Halo, is it me you're looking for?
It went deeper than that, though. Master Chief, as a protagonist, is a blank slate. Which is fine. He's a bland archetype, an avatar for us to project upon. Yet as the series went on it felt like the audience was being expected to care what happened to him, his relationship with Cortana, his struggles.
With it, that golden mask, that lack of definition, became a problem. I'd never engaged with Master Chief as a character previously, so why should I care when stuff happens to him now?
Halo strives for epic storytelling, but without grounding it in real lives, or identifiable emotion, it becomes... well… The Phantom Menace. Which would be fine – I don't need a story to enjoy a game (Doom did just fine without cut-scenes) – were it not for the fact that the mythology of the universe is so heralded, and everything is crying out with portent.
But that's not all, because Halo has always been as much about the multiplayer as the campaigns. As with most online gaming, it's where my limits as a gamer are most thrown into stark relief. For whatever reason, I've had more wretched, mocking gaming experiences playing Halo online than with any other game. Entering those arenas requires me to steel myself for ritual humiliation – and hours wasted roaming huge locations looking for somebody to kill me.

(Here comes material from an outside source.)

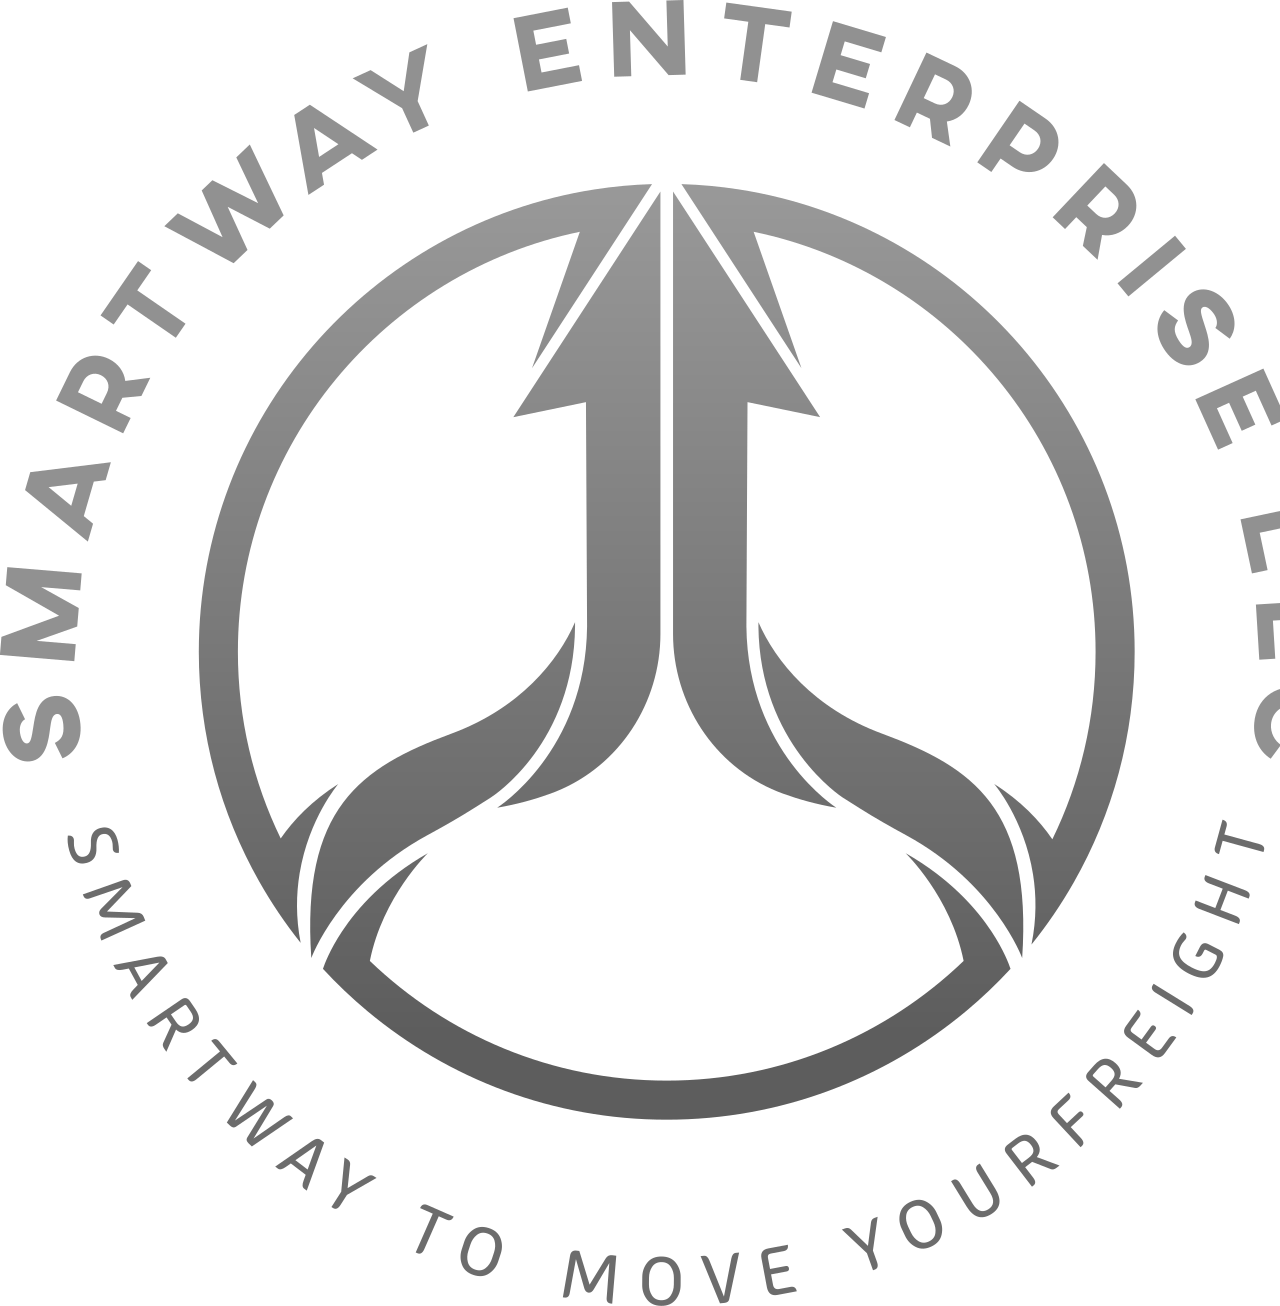 SmartWay Enterprise LLC's web page

The controls of the Halo games have improved as the series has progressed, though they've always felt spongy to me. The guns have never had any real heft to them – particularly those of The Covenant; the melee weapons especially feel like I'm wielding some sort of laser trombone designed by Jean Michel Jarre. The vehicles slide and bounce around like greased Segways, and Master Chief has always felt like he had all the weight of a car-lot airdancer…
I could go on.
Halo and goodbye
Games don't have to look or be realistic for me to feel one with them, but somehow all of the above has conspired to distance me from Halo.
I've never felt lost in any of the games, never become so immersed as to blot out the world around me. That's what I want from games, books or movies, and somehow Halo has always conspired against it. Like I'm just rebounding off it, despite my best efforts to the contrary.
Things might be different when it comes to Halo 5: Guardians, and I strive to remain blindly optimistic, because I want to play this amazing series that everyone bleats on about.
Unfortunately, the reality is that I'm approaching Guardians with caution, thighs firmly braced for another disappointment, the continued sense that I'm the one gamer on the planet who doesn't love Halo.